According to Fig. 16, the lithology entrance is marked with an L, the distance from the waterway is marked with an R, the distance from the fault is marked with an F, and the slope is entered with a mark D. As can be seen, by entering the exact values of the study area, the degree of risk of the study area in field operations can be determined. According to Fig. 16, if the type of Avari lithology (1) and the distance from the river is 600 meters and the slope of the layers is 80 degrees and the distance from the fault is 400 meters, the output is 0.6, which according to the definitions for this number system This is the study section (Fig. 16).Also, according to Fig. 17, if the lithology of the area is carbonate (number 3) and the distance from the river is 100 meters and the distance from the fault is 80 meters and the slope is 60 degrees, the risk level of this area is 2.5, i.e., medium to weak risk. The results seem quite reasonable considering that the amount of hazards in carbonate layers is more than detrital layers. It should be noted that the numerical scales of lithology include 1: detrital, 2: marl and shale, 3: carbonate and 4: evaporitic, respectively.This method will be very useful in preparing geological maps with scales of 1: 5000 to 1: 25000 and also in preparing maps of high-risk geological areas that are prepared with the aim of carefully studying a small part of the earth.
4.3. Validation of results with field and statistical evidence
In order to interpret, analyze and validate the prepared zoning, 2000 points from different regions of the province that have statistics and evidence of subsidence were evaluated on the output of the prepared subsidence map.

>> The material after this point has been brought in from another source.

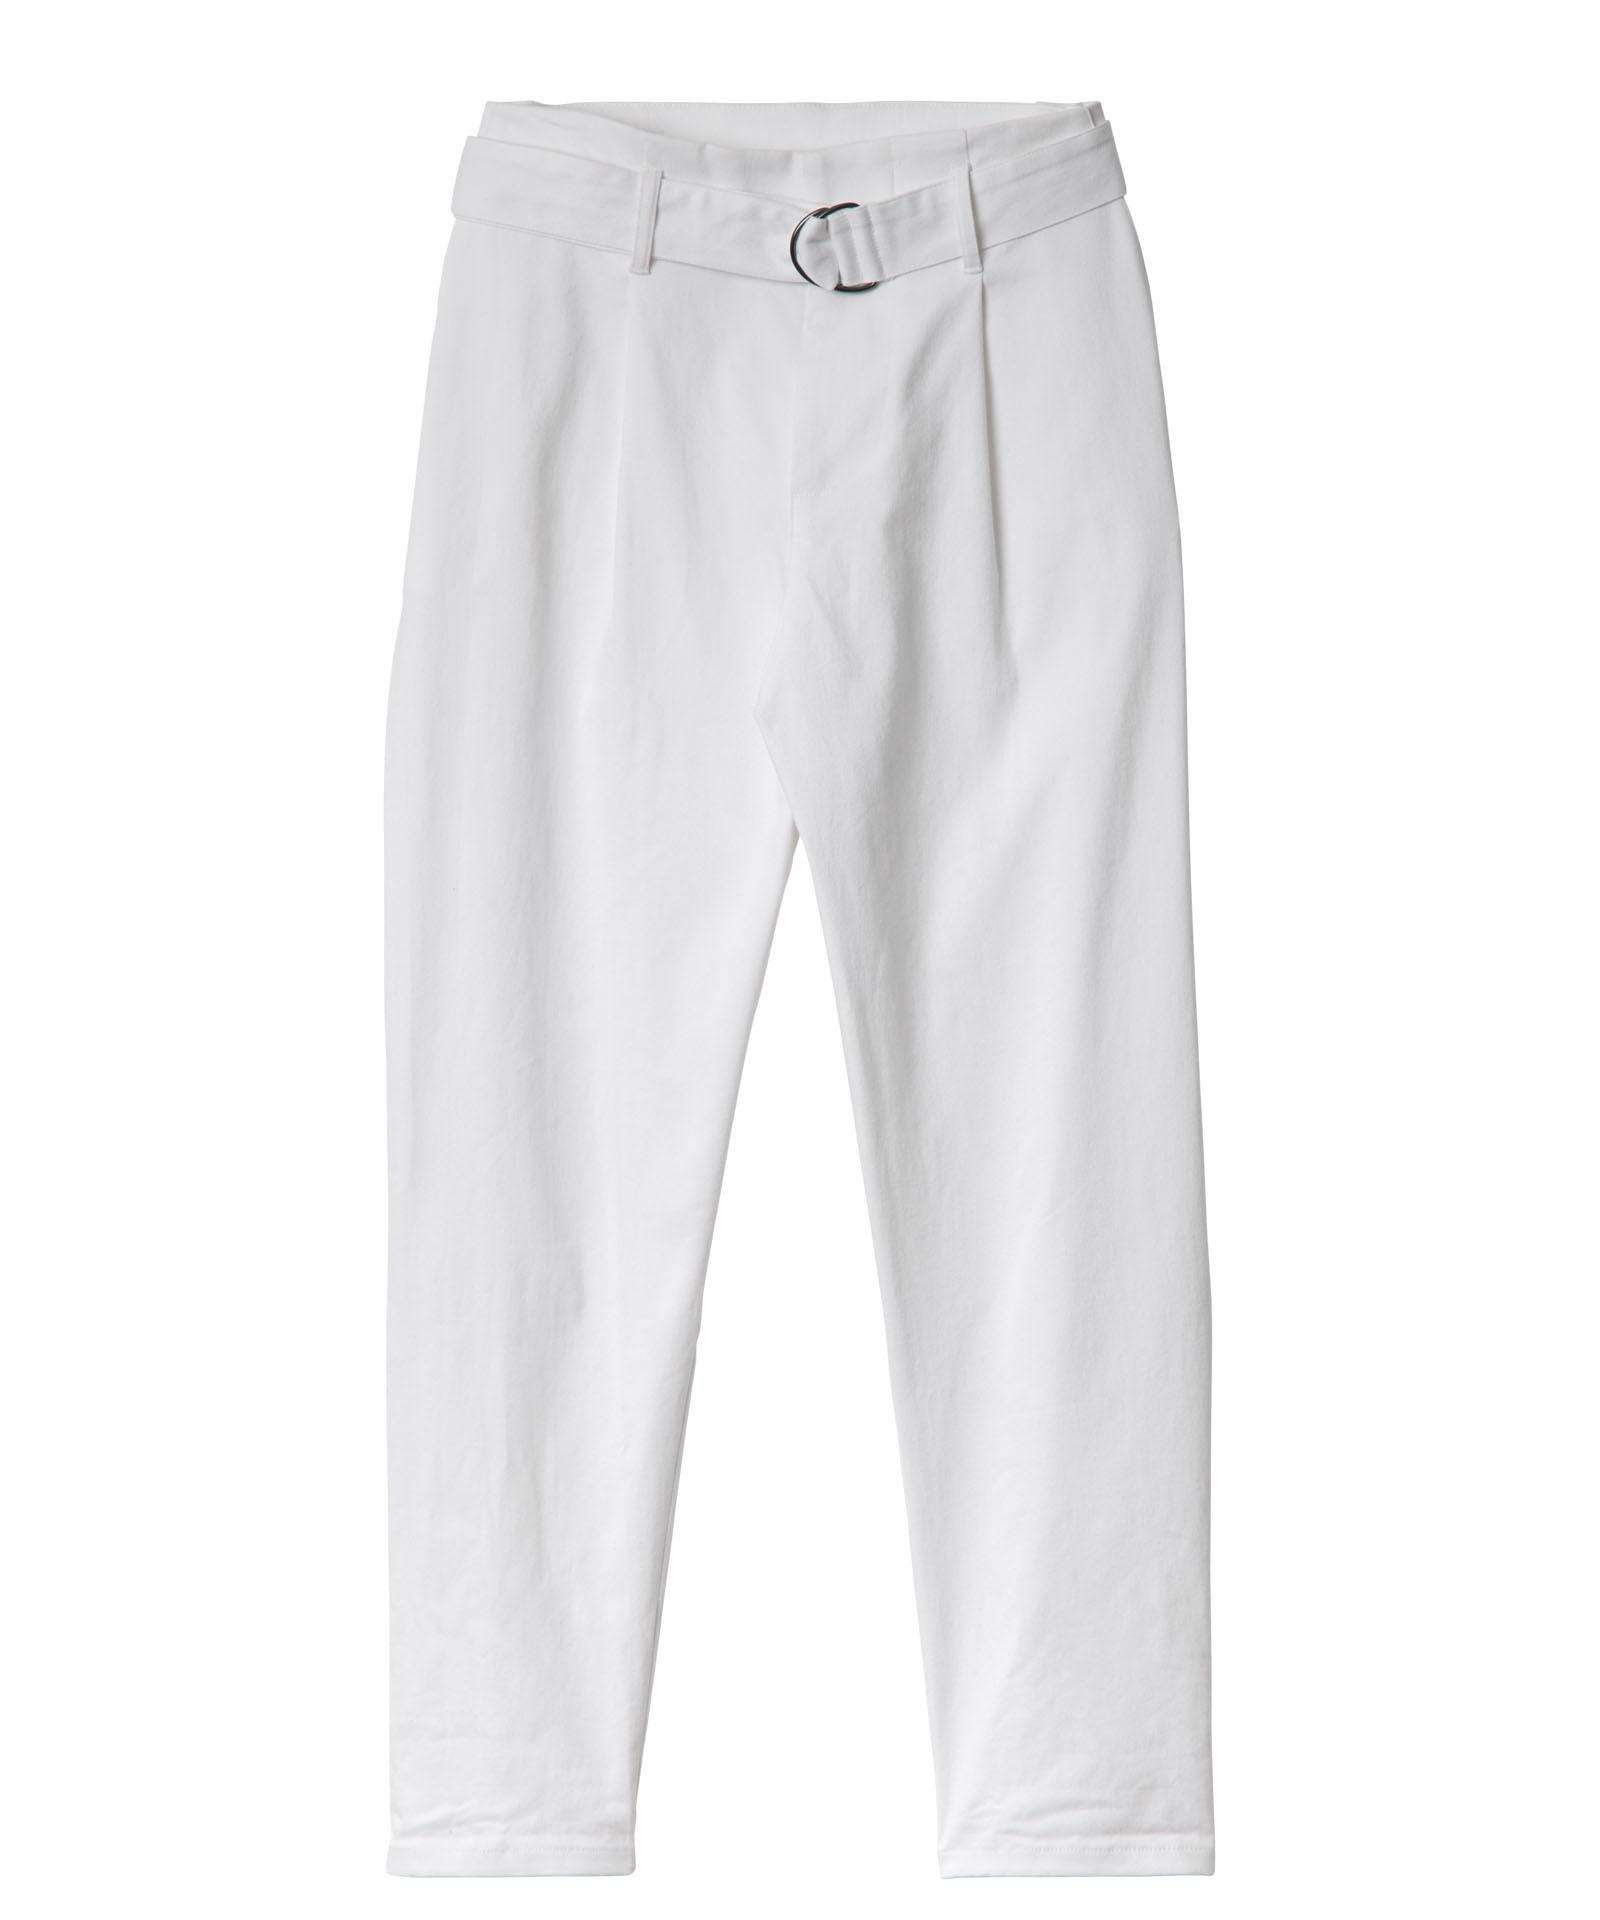 10days white pants

The results of this study show that the outputs of this research are more than 90% close to reality. These studies have been carried out in different cities of Khuzestan province that have low to high subsidence potentials. In the lower part of Gotvand city in the north of Khuzestan province is presented as an example of field studies and telemetry.
Gotvand city is located in the southwest of Iran and in the north of Khuzestan province and on the edge of Khuzestan plain. In the northwest of this city, there are heights of Bakhtiari Formations (with conglomerate lithology), Aghajari (with sandstone lithology), Gachsaran (with evaporitic lithology) and Mishan (with Marne lithology). They show a very high agreement with the results of the study of the two proposed models (Fig. 18). Field studies conducted in this area showed that in some parts of the Gachsaran Formation, which are close to seasonal and permanent waterways, several sinkholes are being formed (Fig. 19).
In this region, with the proximity to the Avari and Marni formations (Aghajari and Mishan), the amount of subsidence has been reduced so that in these formations, despite the proximity to the waterway and different slopes, no subsidence effects are observed (Fig. 20).
As stated, the results of both models presented to investigate the potential for subsidence in this area show a very good agreement with field observations so that in parts of the Gachsaran Formation that are less distant than waterways and faults According to these models, they are less dangerous than the areas that are closer to these complications.
According to the models introduced for this region, Bakhtiari, Aghajari and Mishan formations are divided as very low risk areas and Gachsaran formation is divided into two high-risk and very high-risk areas.